Nevertheless, Israel must not take for granted that Abbas' ability to stand firm on security coordination will last forever. Israeli declarations about impending annexation, the uprooting of the Palestinians' dream of a capital in East Jerusalem and the right of return for refugees present a new reality to the Palestinians and especially to a man, Abbas, who spent his political career advocating for nonviolence. The dream of Palestinian statehood is over, at least as the Palestinians envisioned their state. As far as they are concerned, they are now being offered “crumbs.” There is nothing on the diplomatic horizon. They have no hope, nothing to cling to. Given these circumstances, what can Abbas actually promise his people? Besides, there are many Palestinians who believe that it is time for him to resign from office and make room for someone else to lead.
If Netanyahu decides to “rebel” against the American position and approve immediate annexation, it is not unlikely that Abbas will succumb to pressure and in response declare the Oslo Accords null and void, announce that the PLO no longer recognizes Israel, and that security coordination is dead. Another element that should be added to the equation is that as the White House prepared to announce Trump's plan, the head of Hamas' political bureau, Ismail Haniyeh, called Abbas to try to stop the plan together. It has also been reported that Abbas invited Hamas' leadership for discussions on how to respond to the plan. This might be the closest the rival movements have been since Hamas' 2007 coup in Gaza.
Hamas would be happy to reconcile with the PA leadership, since doing so would extricate them from the economic and humanitarian crisis in Gaza. Haniyeh, however, has one sine qua non: Abbas must immediately suspend security cooperation with Israel. Abbas knows that this condition is nonnegotiable for Hamas. Without it first being met, there is nothing to talk about.

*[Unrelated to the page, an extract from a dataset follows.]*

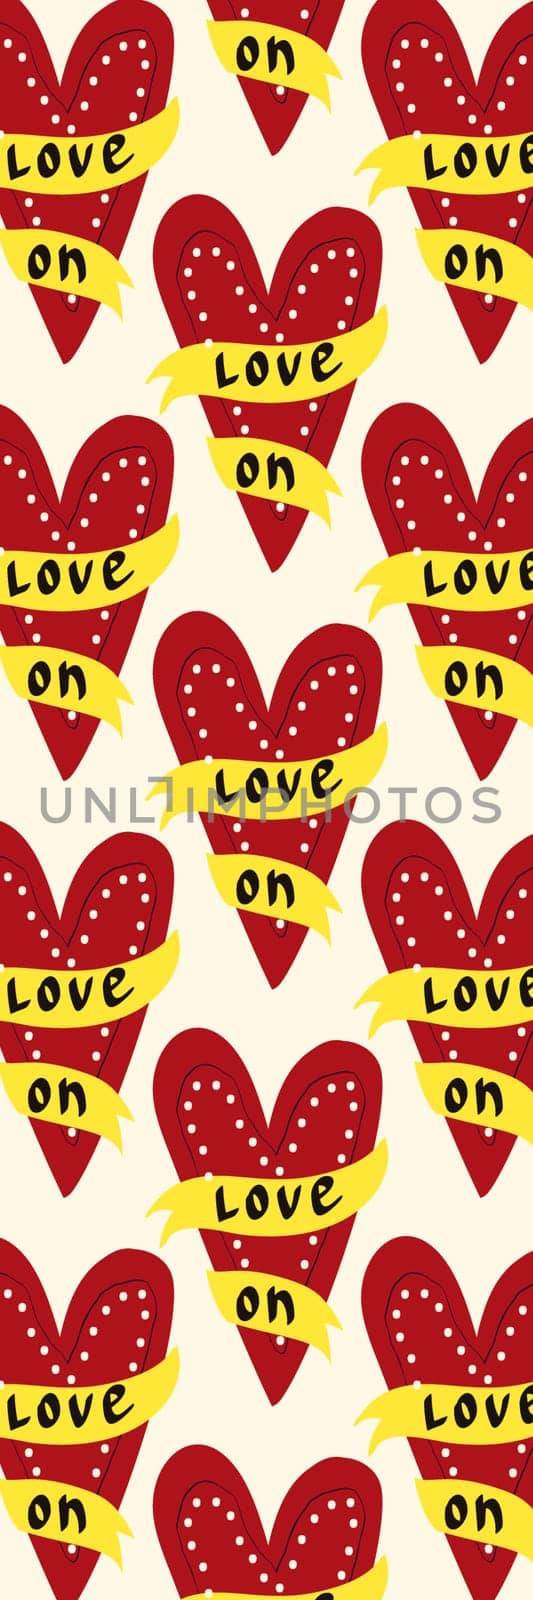 Retro groovy cartoon valentine's day bookmark with hearts
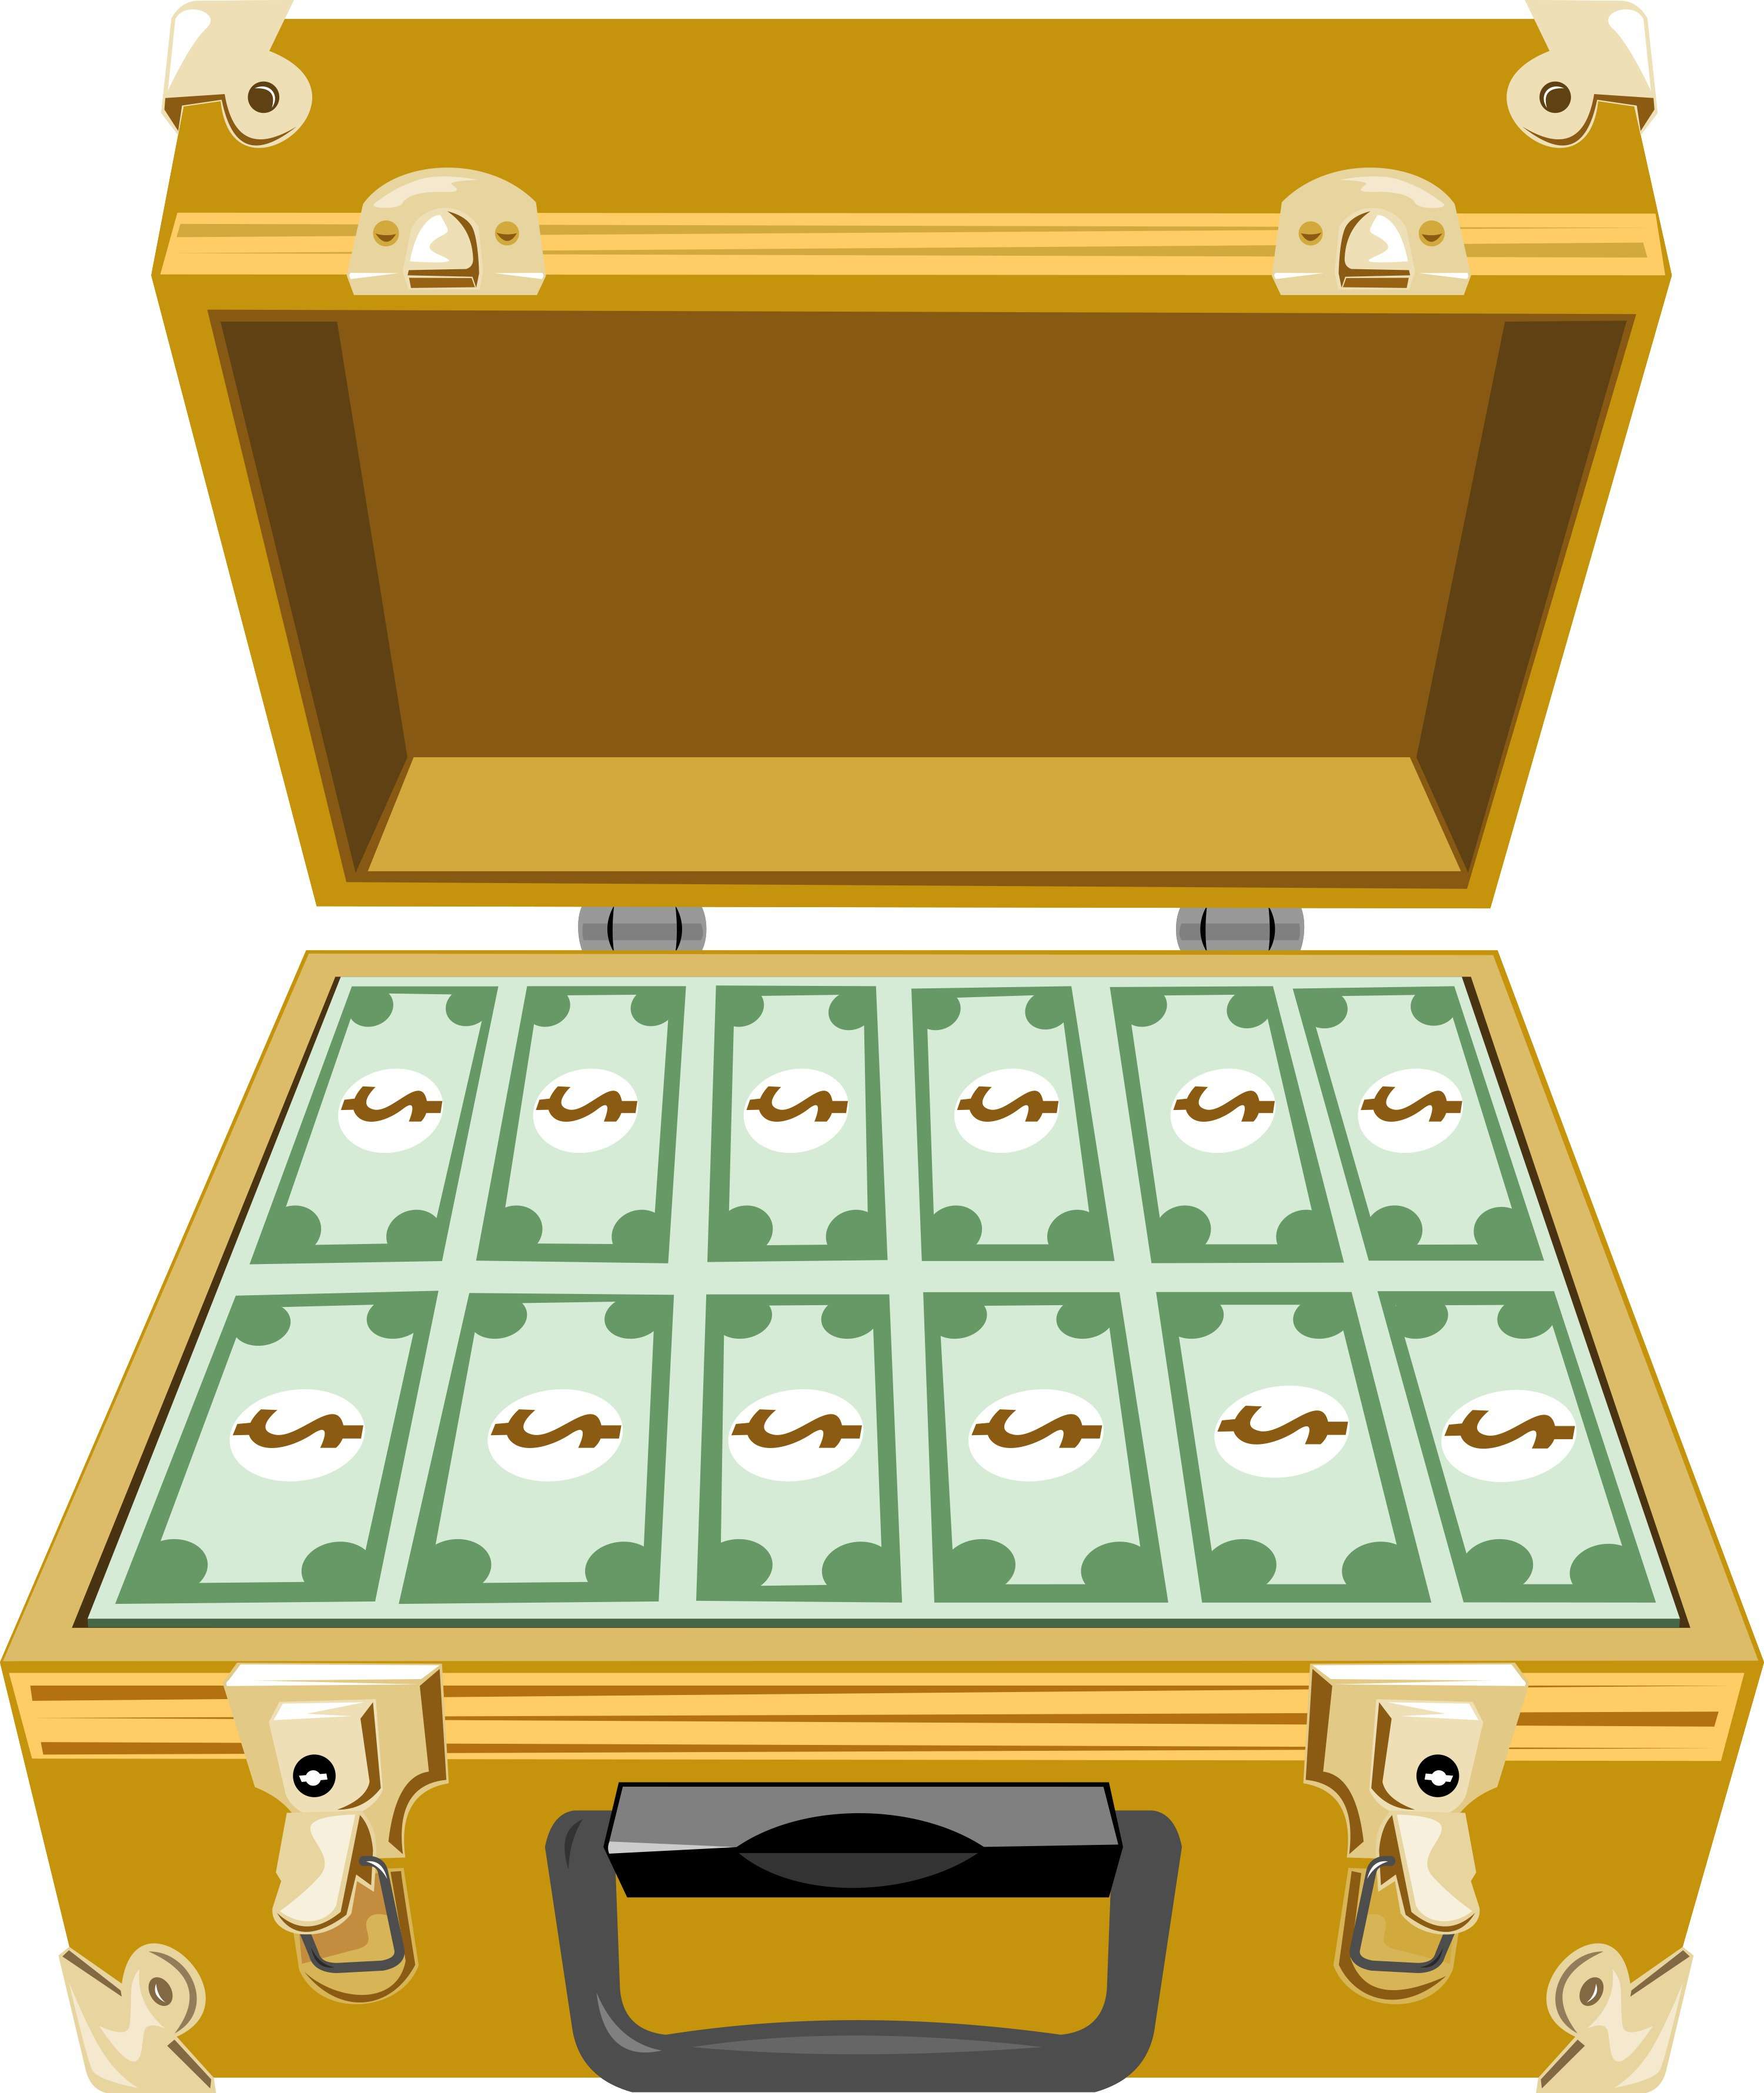 money-in-briefcase_G157VwUu_L (photo credit: graphicstock)

If demonstrations in the West Bank escalate and Abbas feels his position and government at risk, the pressure he faces will increase. He will then be forced to choose between Palestinian unity and security coordination with Israel. PA leaders are concerned that Hamas will take advantage of the situation to seize control of the West Bank. For the past 13 years with the West Bank and Gaza politically divided, Palestinian-Israeli security coordination helped to check budding attempts by Hamas to establish a firm foothold on the West Bank. If Abbas ends security coordination, he risks seeing Hamas' military wing in the West Bank grow stronger. Furthermore, we cannot forget that Bennett occupies the Defense Ministry, and with Israeli elections in the offing, he could force Abbas to make the kind of decision that he has so far managed to avoid.